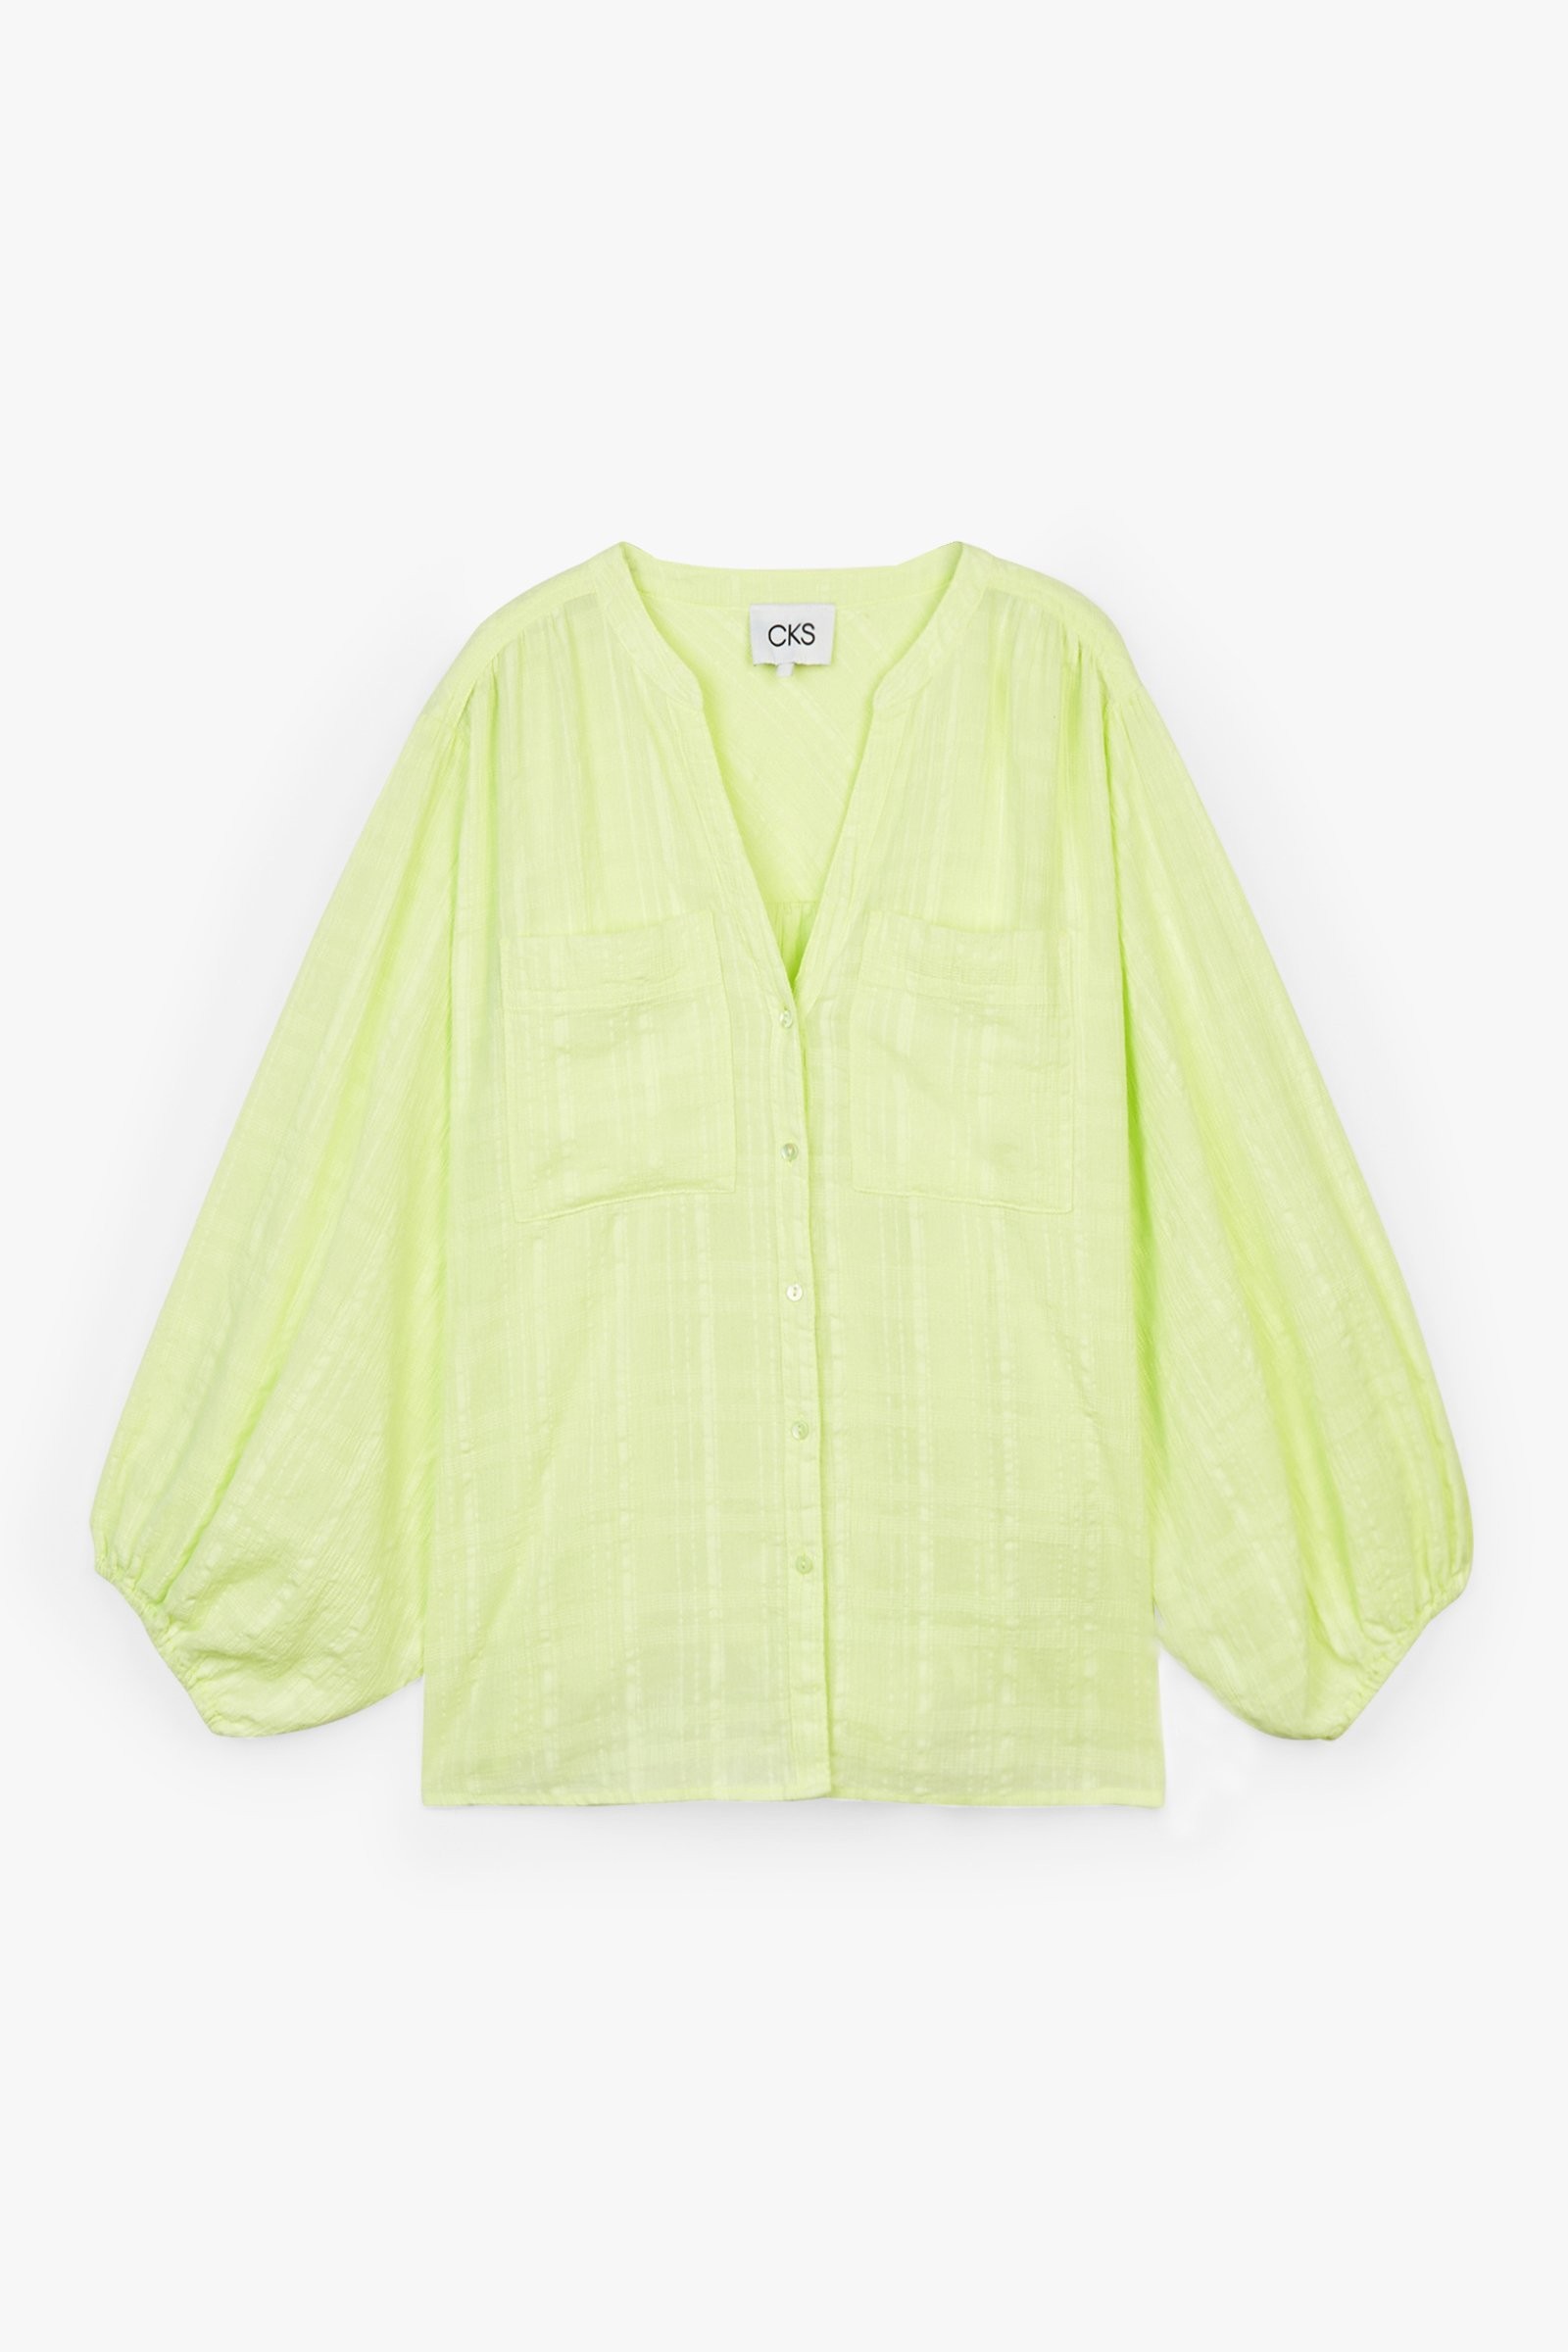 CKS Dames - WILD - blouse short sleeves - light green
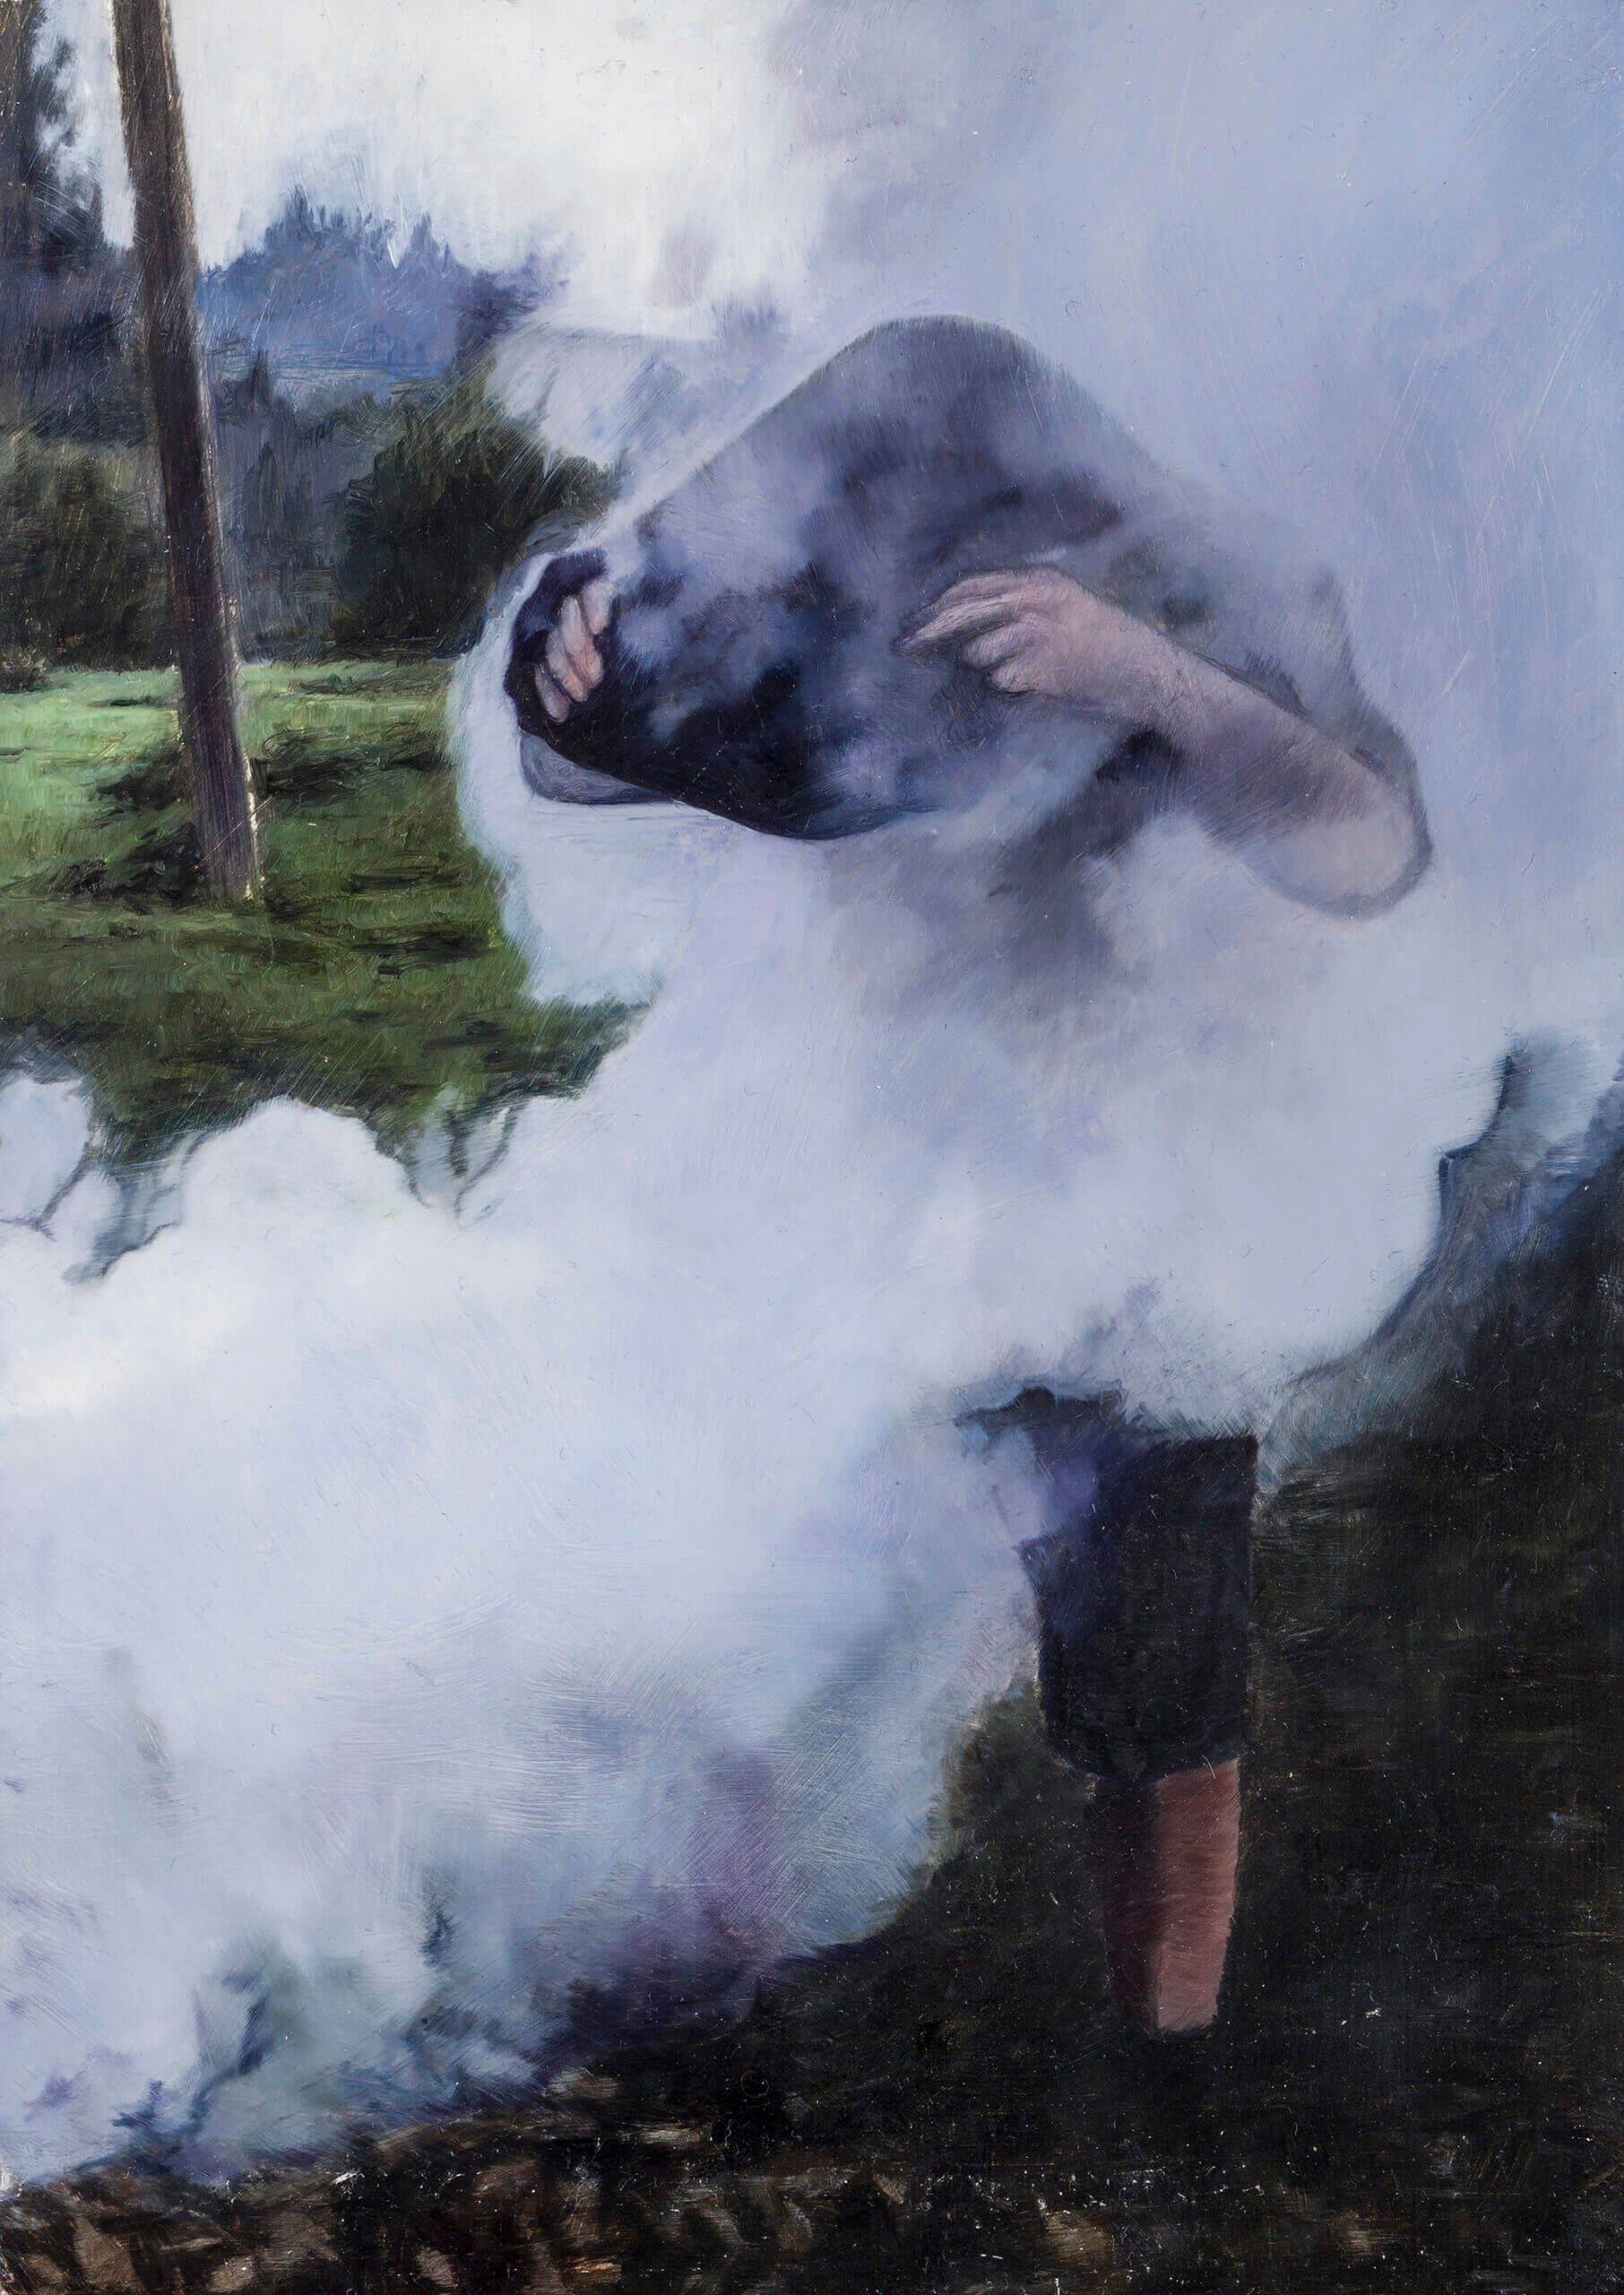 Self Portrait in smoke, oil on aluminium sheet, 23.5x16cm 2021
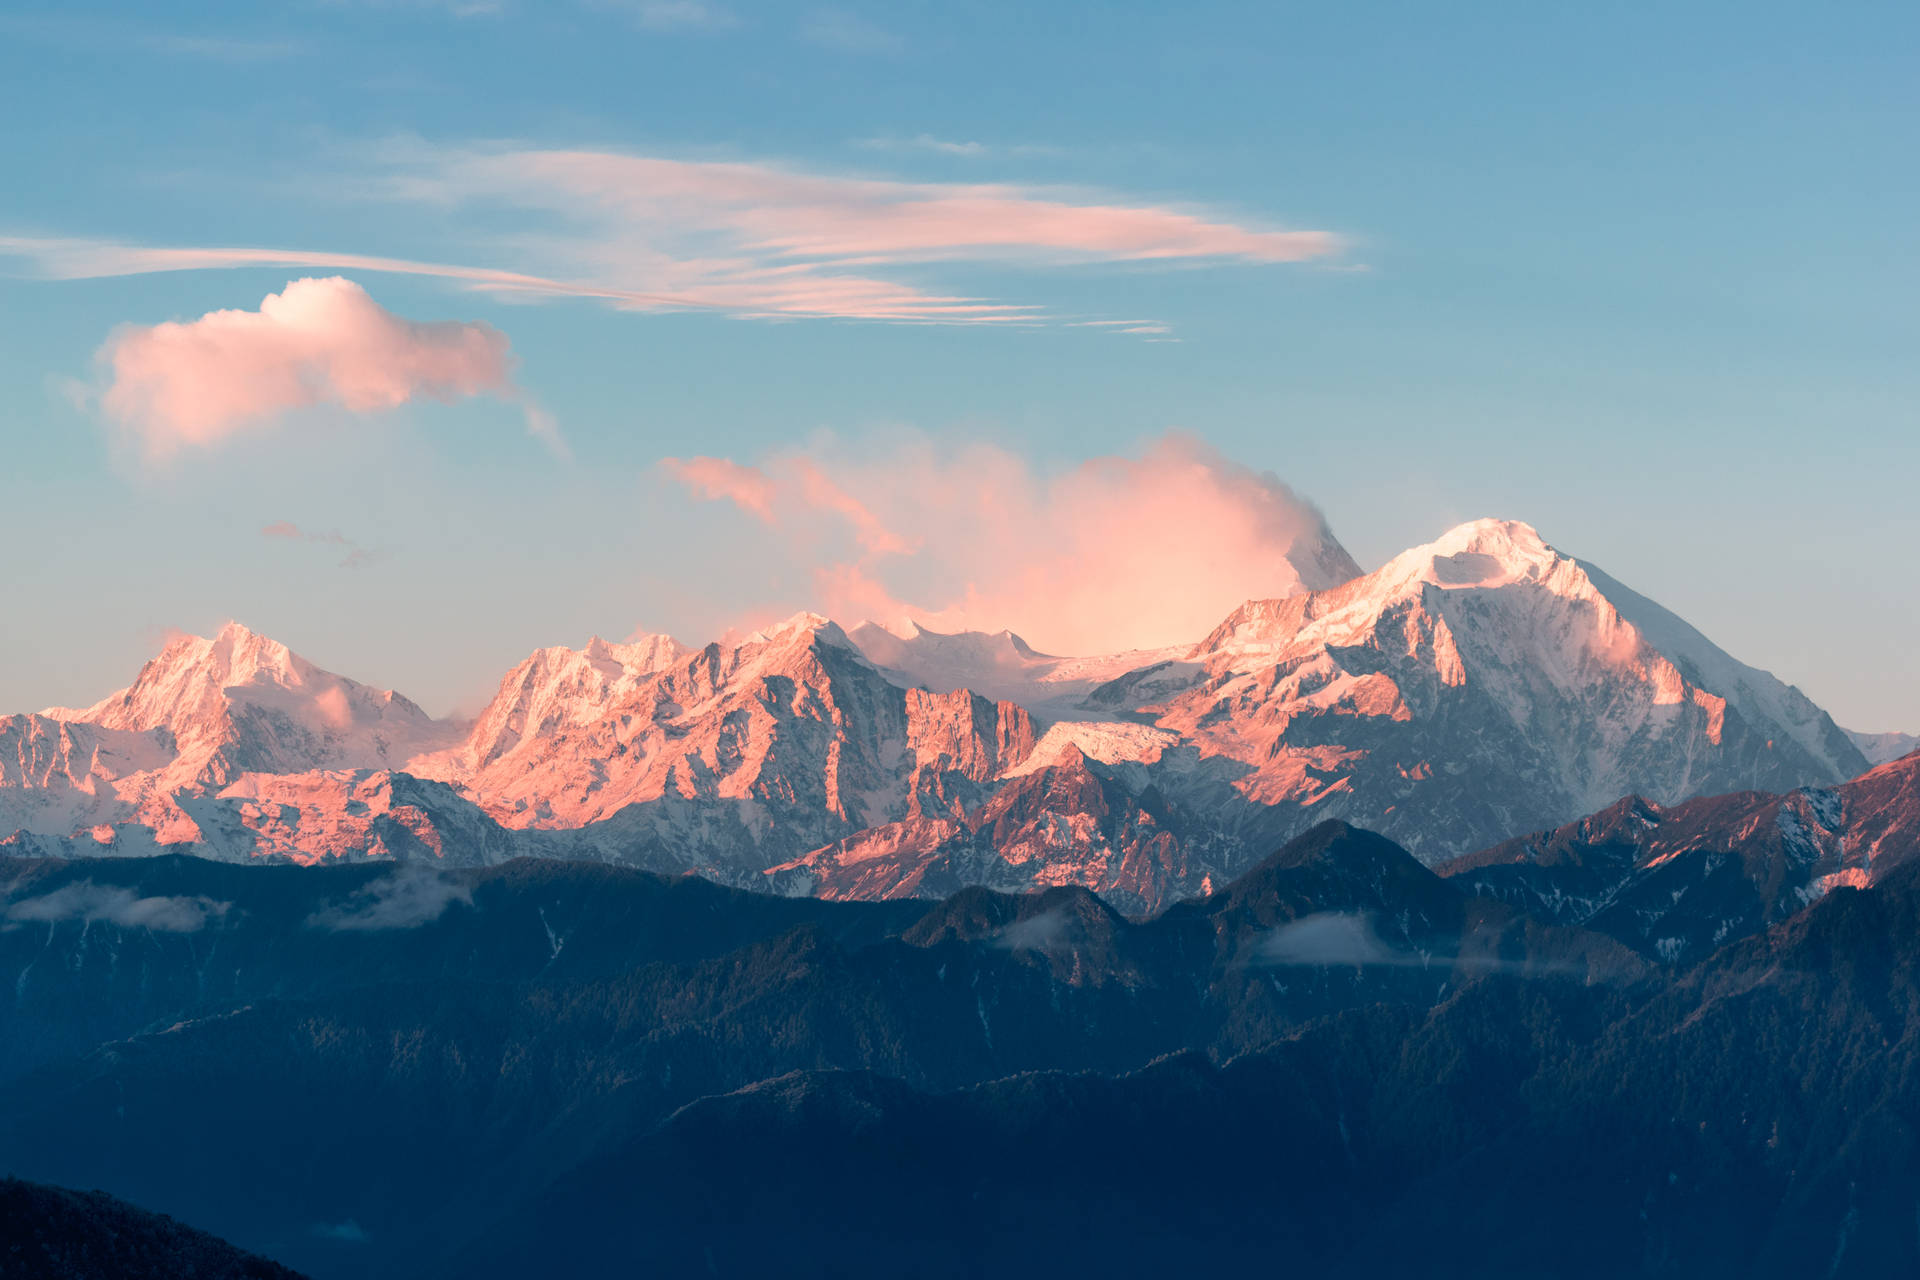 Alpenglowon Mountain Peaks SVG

================

- _Exercise brief_: Retype the line containing "Self Portrait in" and all lines after it through the end of the material, exactly and only those, leaving out pictures.

- _Solution_:
 Self Portrait in smoke, oil on aluminium sheet, 23.5x16cm 2021
 Alpenglowon Mountain Peaks SVG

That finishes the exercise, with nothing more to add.